Secondo i dati della letteratura medica il 73% degli operatori sanitari sopratutto infermieri sono soggetti a disturbi della colonna vertebrale.
Spalla:
L’affezioni più frequenti è la tendinite del muscolo sovra spinoso che si manifesta con dolore del muscolo deltoide o nell’aria anteriore della spalla accentuato dai movimenti nell’elevazione del braccio.
Gomito:
Le affezioni più frequenti sono:
1) L’epicondilite (gomito del tennista), un’infiammazione dolorosa dei tendini dei muscoli estensori del polso che s’inseriscono sulla parte laterale del gomito. E’ caratterizzata da dolore spontaneo o provocato dalla pressione ed è accentuato dai movimenti di flessione e di chiusura della mano, dall’impugnatura di utensili o attrezzi pinze, racchette da tennis (epicondilite del tennista);
2) Epitrocleite (gomito del golfista) è un’infiammazione dei tendini dei muscoli flessori del polso e della mano che s’inseriscono sulla parte interna del gomito. Il sintomo è un dolore che aumenta con il movimento. Queste sono le tendiniti di più frequente riscontro Il sovraccarico dovuti a lavori che riìchiedono movimenti ripetuti con applicazioni di forza influisce rapidamente in queste zone del gomito provocando infiammazione e dolore che si manifesta alla presa di oggetti e al sollevamento di pesi. Il dolore prima localizzato al gomito si può irradiare all’avambraccio e alla spalla.
Polso:
L’affezione più frequente è la sindrome del tunnel carpale e tra le tendiniti più frequenti tra le patologie muscolo scheletriche correlate al lavoro. E’ dovuta alla compressione del nevo mediano nel suo passaggio attraverso il tunnel carpale, una struttura rigida formata dalle ossa della mano e da un legamento rigido (il legamento carpale) che avvolge le ossa del polso. Attraverso il tunnel carpale passano il nervo mediano, i tendini dei muscoli flessori delle dita e vasi sanguigni. Un processo infiammatorio dei tendini provoca la compressione del nervo mediano con comparsa di:
– Formicolio alle prima tre dita della mano
– Dolore al polso e all’avambraccio
– Diminuzione alle prima tre dita della mano
– Perdita della forza delle prima tre dita
Le attività lavorative nelle quali si combinano forza elevata, movimenti ripetitivi della mano e del polso, posture incongrue, aumentano il rischio.

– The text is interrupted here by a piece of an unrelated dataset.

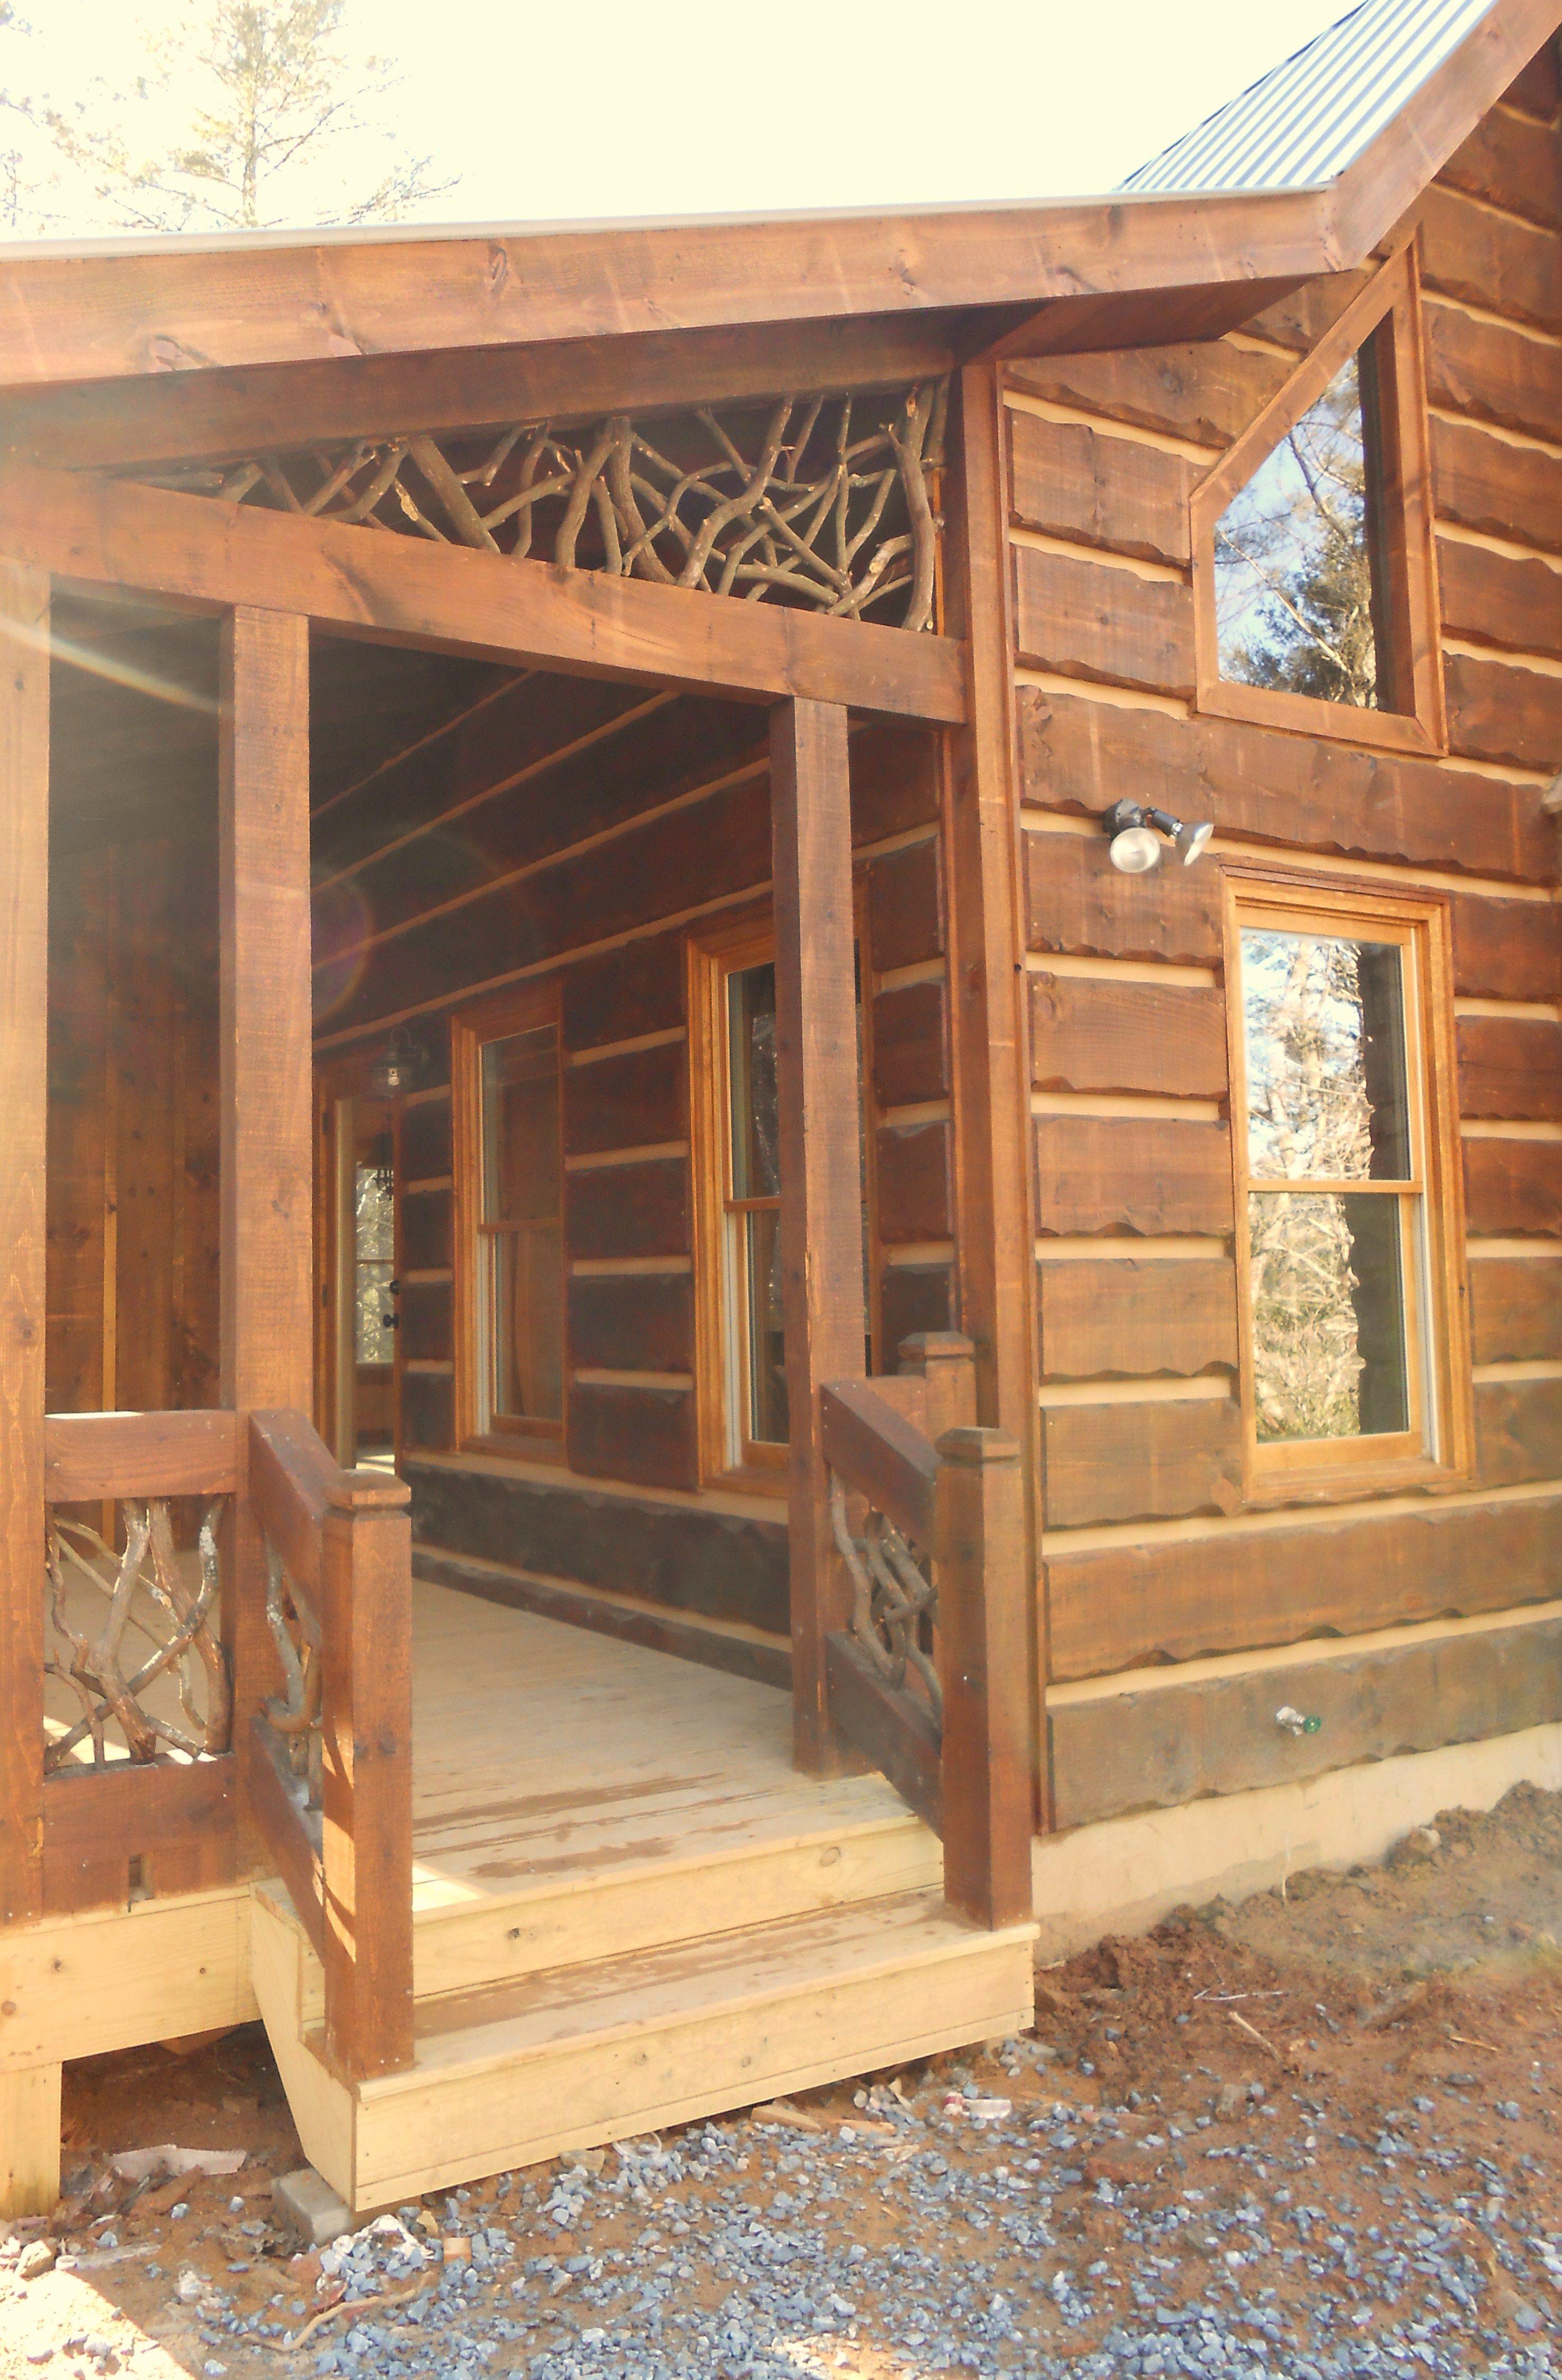 3x8 log siding hand hewn pine - Hand Scraped 2x12 Rough Sawn Siding With Perma Chink Fill

La sindrome di De Quervain, si manifesta con dolore debolezza e lieve gonfiore al lato del polso all’altezza del pollice.
Le categorie esposte a rischio per le affezioni dell’arto superiore sono tutti coloro che per professione o svago tendono a eseguire movimenti monotoni che coinvolgono l’articolazione del gomito del polso e della mano tra cui:
– Cuochi
– Pittori e imbianchini
– Musicisti
– Barristi addetti alla macchina del caffè
– Sarti
– Carpentieri
– Barbieri e parrucchieri
A questi va aggiunto tutta quella amplissima ed eterogenea popolazione che lavora o comunque sta davanti al PC a lungo ogni giorno. L’uso continuo del mouse è spesso all’origine di patologie del gomito e del tunnel carpale.

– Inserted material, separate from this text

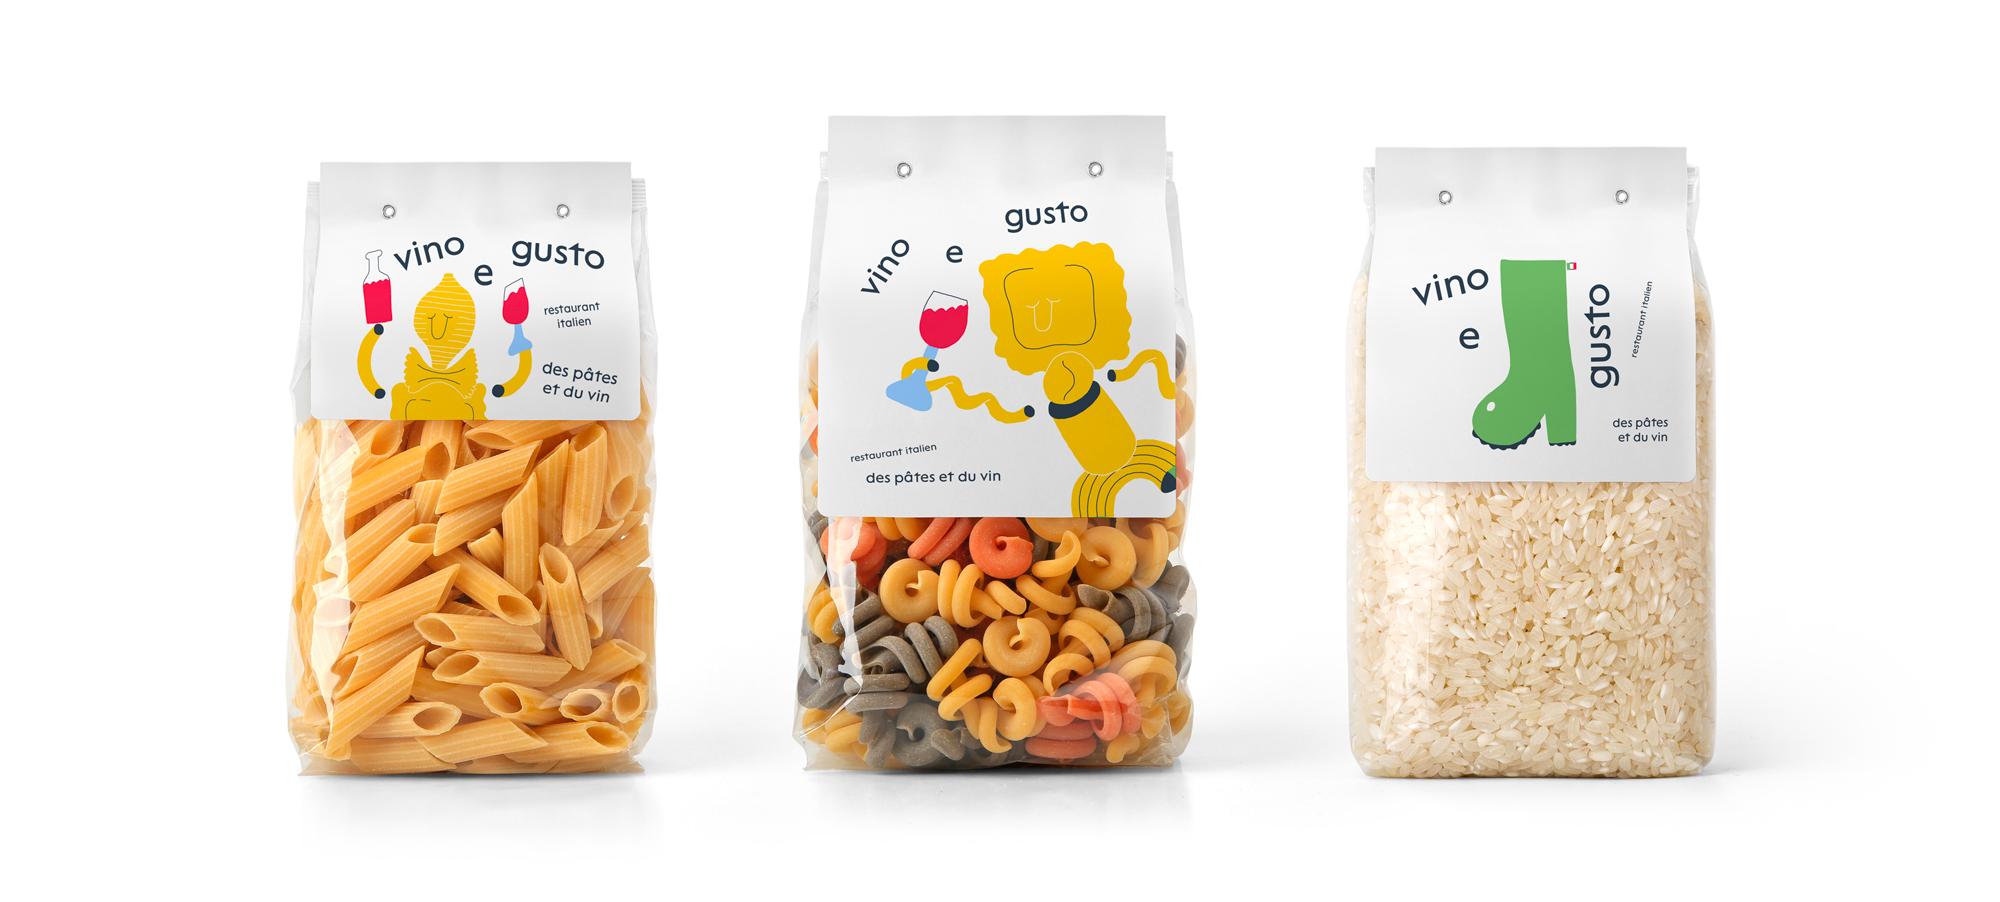 création illustration packaging identité visuelle restaurant rennes

Quali sono i principali fattori di rischio per le patologie muscolo-scheletriche?
Sono malattie multifattoriali, cioè possono avere cause diverse e manifestarsi anche in individui non esposti a fattori di rischio professionali correlati al lavoro, ma in cui giocano un ruolo fondamentale l’attività lavorativa svolta. I fattori di rischio sono diversi: sollevamento di carichi pesanti, movimenti a carattere ripetitivo, posizione obbligate per lungo tempo associati a movimenti bruschi, stress psico-fisico in ambiente lavorativo, ritmi di lavoro prolungati, fatica fisica. A questi vanno aggiunti l’età, malattie preesistenti come il diabete, fattori individuali, traumi e fratture.
Il lavoratore colpito da una malattia professionale è tutelato?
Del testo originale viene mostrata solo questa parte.